Le début de match avait pourtant laissé entrevoir un vrai bras de fer. Duels disputés, lignes resserrées, quelques transitions des deux côtés. Puis la machine américaine s’est mise en route, mètre après mètre, course après course. Le pressing s’est installé plus haut, les appels se sont multipliés, et l’Australie a commencé à reculer.

La pression a fini par craquer la défense océanienne dès la 11e minute. Une nouvelle accélération de Folarin Balogun dans la surface, un centre dangereux qui traverse la zone, et Cameron Burgess, débordé, propulse le ballon dans ses propres filets. Un but contre son camp, mais surtout la traduction d’une domination grandissante de Team USA.

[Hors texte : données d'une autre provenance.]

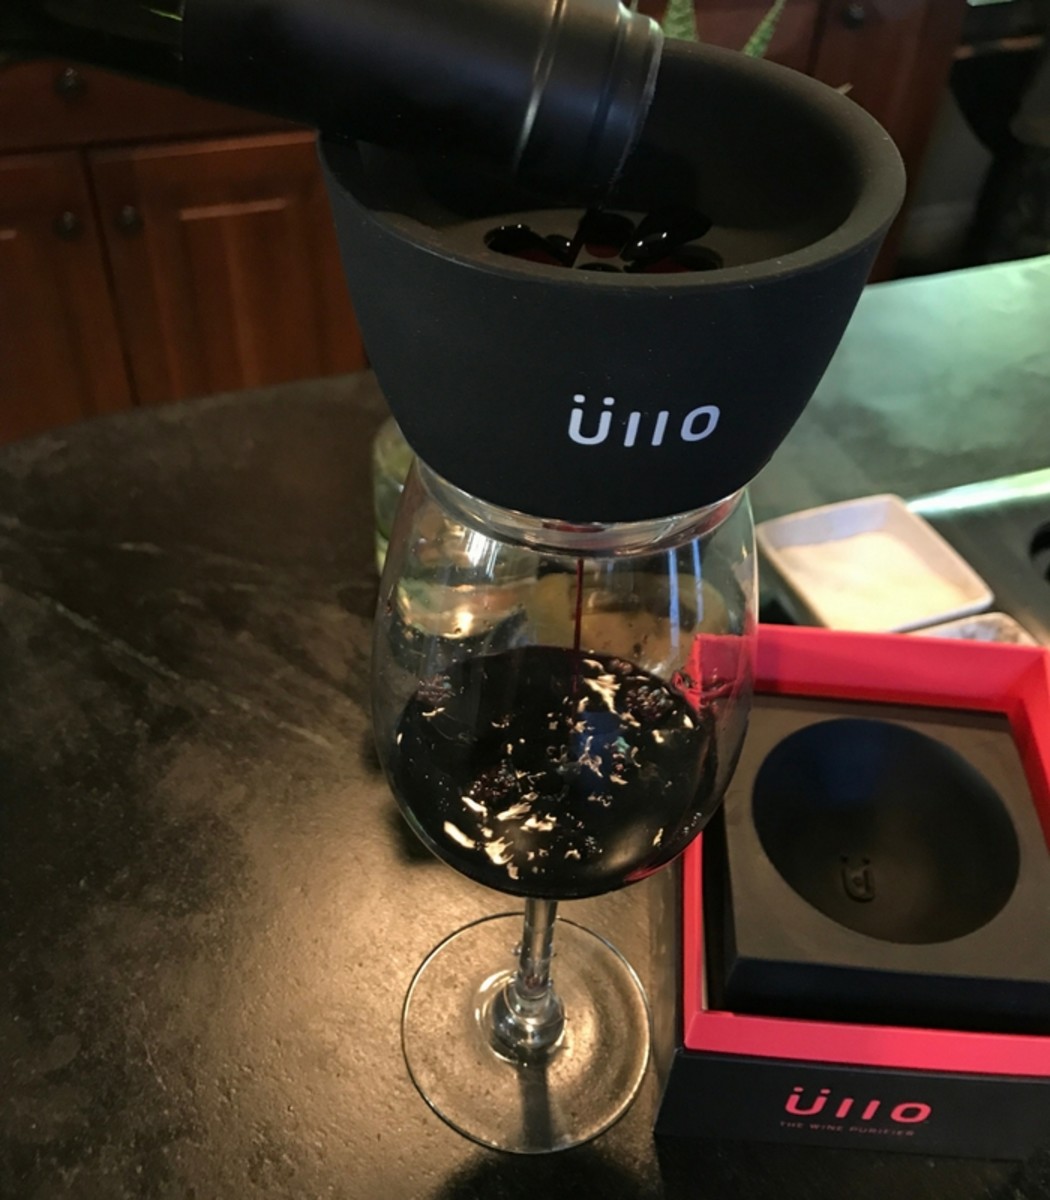 Ullo wine filter

Portés par ce break précoce, les Américains n’ont pas levé le pied. Les couloirs sont devenus leur terrain de chasse. Weston McKennie a dicté le tempo au cœur du jeu, orientant, cassant les lignes, lançant ses latéraux et ses ailiers dans le dos d’une défense australienne constamment sur le fil.

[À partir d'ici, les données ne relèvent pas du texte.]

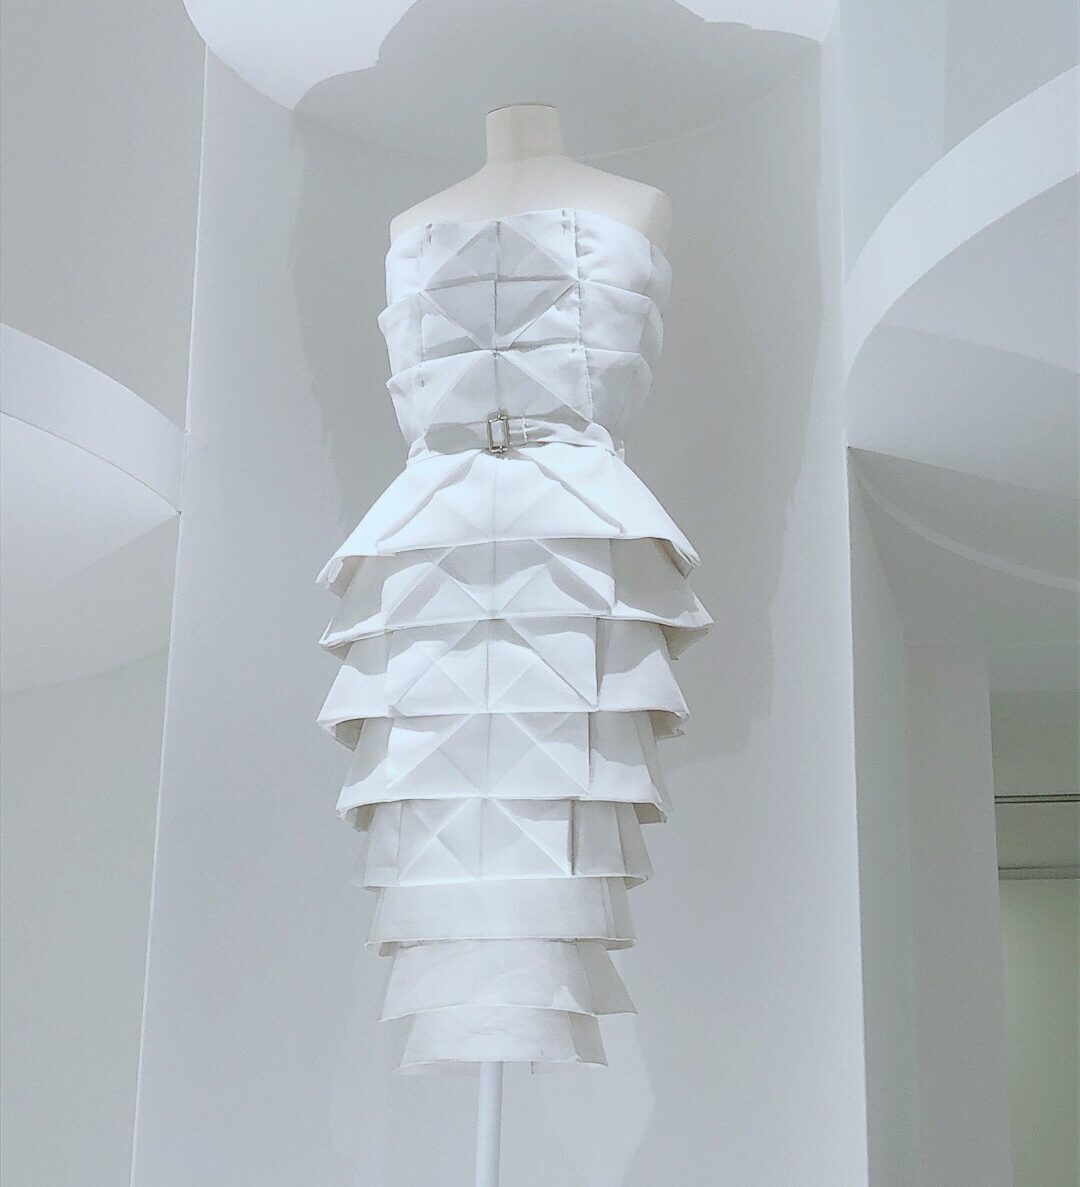 ディオール展、ドレスのシルエットやラインを確認するための「トワレ」。折り紙の要素を取り入れたデザインのタイトなドレス。規則的に並んだ三角形が目を惹く。

L’Australie a bien tenté de répondre en contre. Quelques sorties rapides, des projections timides, mais rien de vraiment tranchant. À chaque fois, la dernière passe a manqué ou la défense américaine a fermé la porte. Le contraste de rythme a sauté aux yeux : d’un côté, des États-Unis agressifs, mobiles, toujours en mouvement ; de l’autre, une équipe australienne souvent en retard, étouffée par la vitesse adverse.

Juste avant la pause, la sanction est tombée une deuxième fois. Sergino Dest déclenche l’action sur le côté, lance une séquence parfaitement maîtrisée, et Alex Freeman conclut en trouvant le chemin des filets. Le but provoque un instant de flottement, un contact avec un défenseur australien semant le doute. L’arbitre attend l’aide de la VAR. Quelques secondes de tension, puis la validation. Le stade Lumen Field explose, les joueurs américains peuvent célébrer : 2-0, avantage net et mérité.

Ce qui frappe, c’est la manière. Privés de leur star Pulisic, les États-Unis n’ont pas perdu leur boussole. McKennie a pris les commandes, les ailes ont fait mal en permanence, et l’équipe a imposé une intensité que l’Australie n’a jamais su égaler. Les Socceroos ont couru, beaucoup, mais rarement dans le bon sens.

À la pause, Team USA tient déjà une position de force. Deux buts d’avance, une emprise claire sur le jeu, un public conquis. Reste une question, désormais : l’Australie trouvera-t-elle les ressources pour renverser cette marée, ou cette soirée à Lumen Field va-t-elle se transformer en démonstration américaine?